In reviewing the testimony of both parties and joint tax returns submitted, the records showed that in 2006 William made over $100,000 while Pamela made around $20,000.  In addition, William was in good health, while Pamela suffered from both back issues and heart problems.  Both of those medical issues impacted Pamela’s ability to work and earn money as a self-employed hairdresser.  Furthermore, early in their marriage, while William was building a lucrative career, Pamela spent much of her time tending to the needs of their children and the family’s domestic needs.

The court found that even though the goal of maintenance is to provide temporary support while the recipient develops the skills and experience necessary to become self-sufficient, self-sufficiency is not always possible. Here, the lower court concluded that Pamela’s potential to become self-sufficient was very low. The Appellate Division agreed.

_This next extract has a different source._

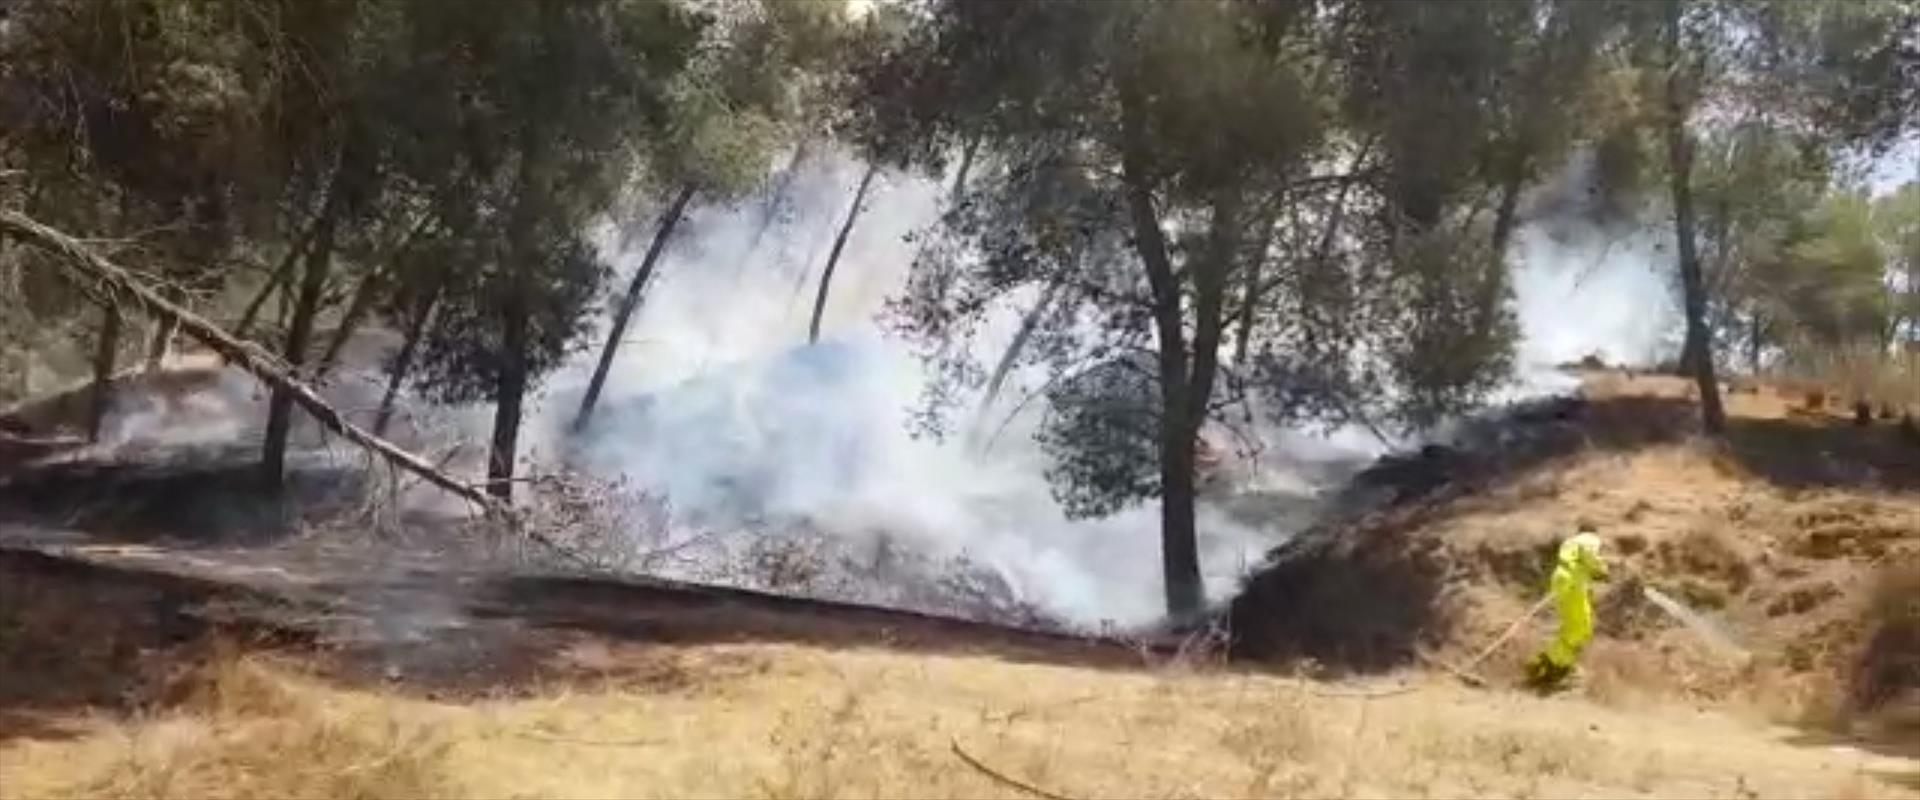 שריפה ביער בארי מבלון תבערה

In concluding that $500 per week was an appropriate amount, the court looked at William’s income and found that amount of the maintenance award was within the defendant’s means . The Appellate Division noted that the Supreme Court did not require William to fully support Pamela. The court required that Pamela pay for her own health insurance and that she either purchase William’s half of the marital residence or find a new place to live. Accordingly, the Appellate Division concluded that  the amount set by the court of $500 per week was an abuse of discretion.

Thus, in determining the appropriate amount of maintenance, the court will consider the standard of living the couple had become accustomed to, the amount of income of the paying parting, the ability of the receiving party to become self-sufficient, and the amount of time that it would take for that party to become self-sufficient.